IRS Hard Drive Crash

Floor Speech

Date: June 25, 2014
Location: Washington, DC
Issues: Taxes

Mr. DeSANTIS. Mr. Speaker, the American people are not buying what the IRS is selling re these lost emails.

They want us to believe that within 10 days of Dave Camp requesting emails from the IRS, Lois Lerner's hard drive just happened to crash; her emails are gone and unrecoverable.
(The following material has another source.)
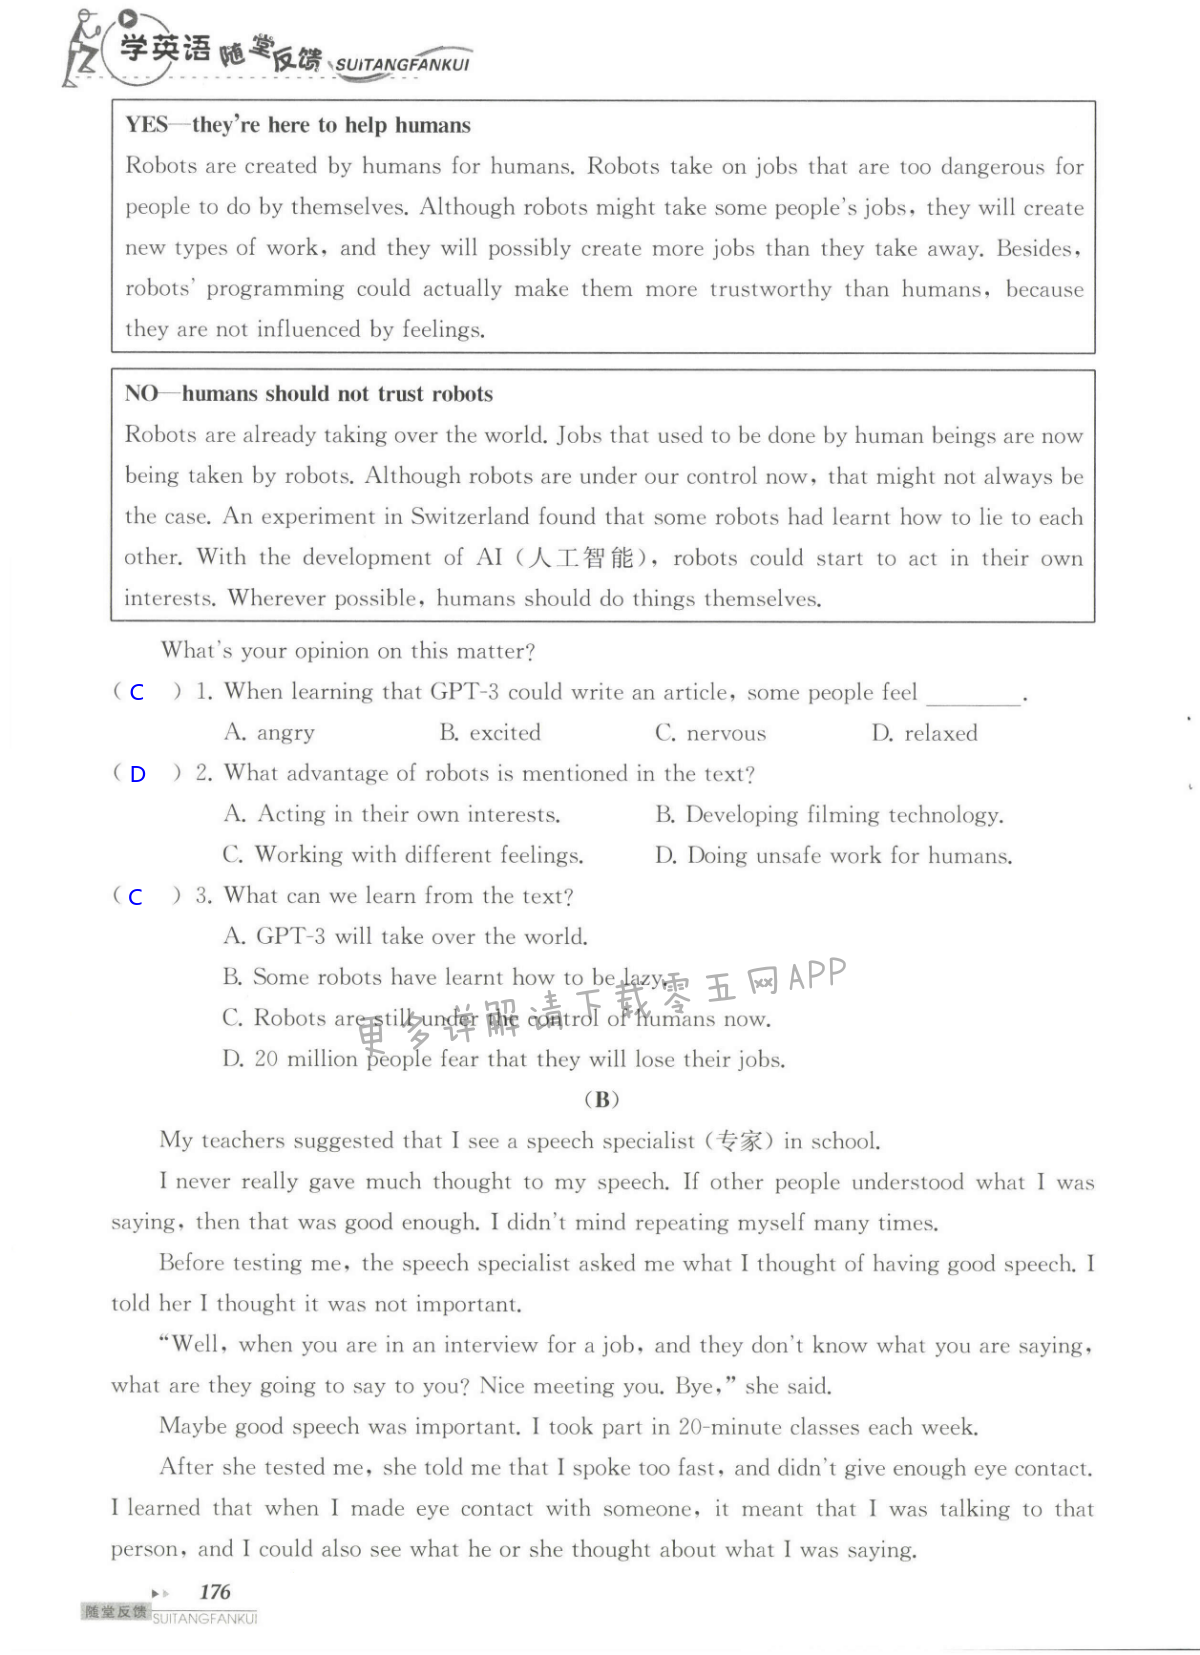 单元综合测试卷 Test for Unit 3 of 9B - 第176页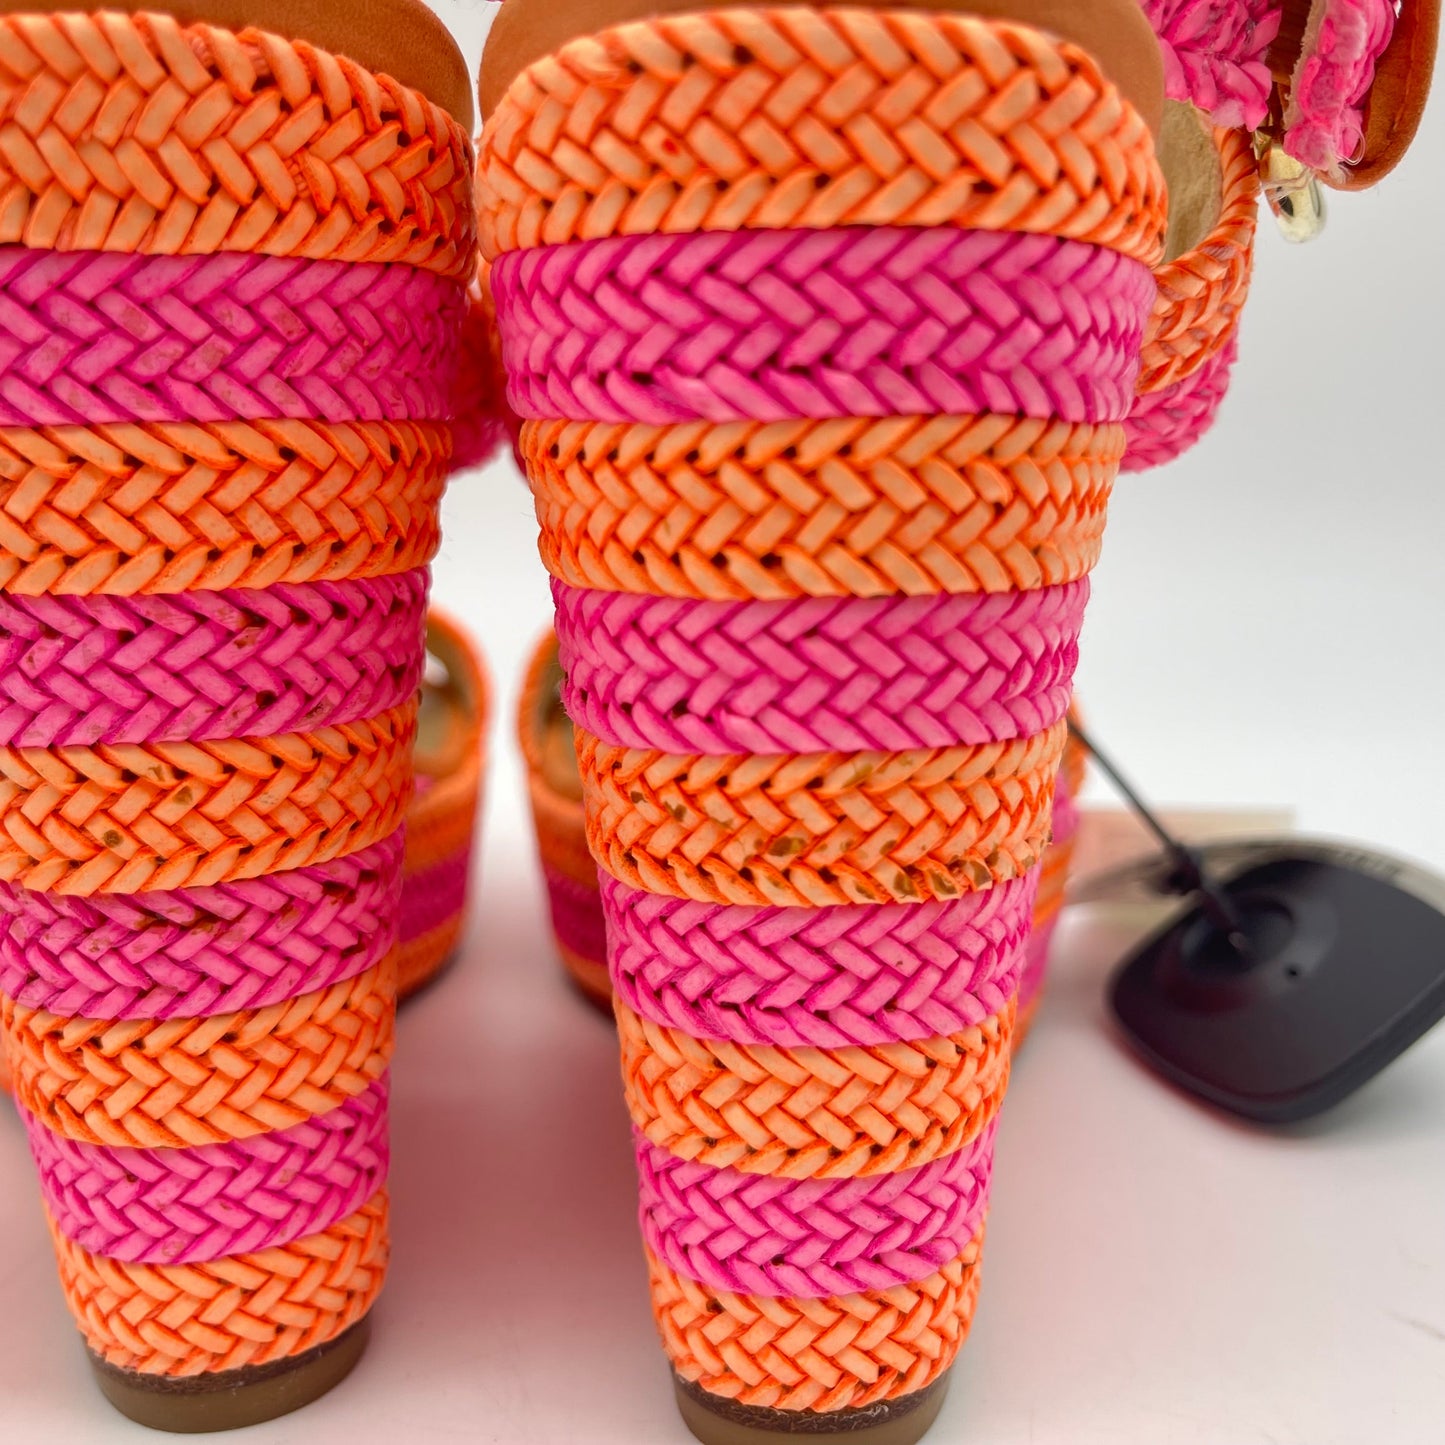 Orange & Pink Sandals Heels Wedge Stuart Weitzman, Size 6

Now, what are the odds that the IRS is telling the truth? My friend, colleague, and MIT grad Thomas Massie provided me the following calculations:

Using the IRS's own figures, the chance that a hard drive would crash on any given day is 0.01 percent. So, over a 10-day period, the odds are basically 1 in 1,000 that your hard drive would crash. But here's the thing: only 10 percent of hard drive crashes result in having data and emails that are completely unrecoverable. So if you multiply those probabilities out, the odds that the IRS is telling the truth is one one-hundredth of 1 percent.

Now, if you, as a taxpayer, provided the IRS with an explanation that was that improbable, how long do you think it would take them to laugh in your face and hold you accountable? So the question we have, Mr. Speaker, is: Why should we accept such an improbable explanation from the IRS?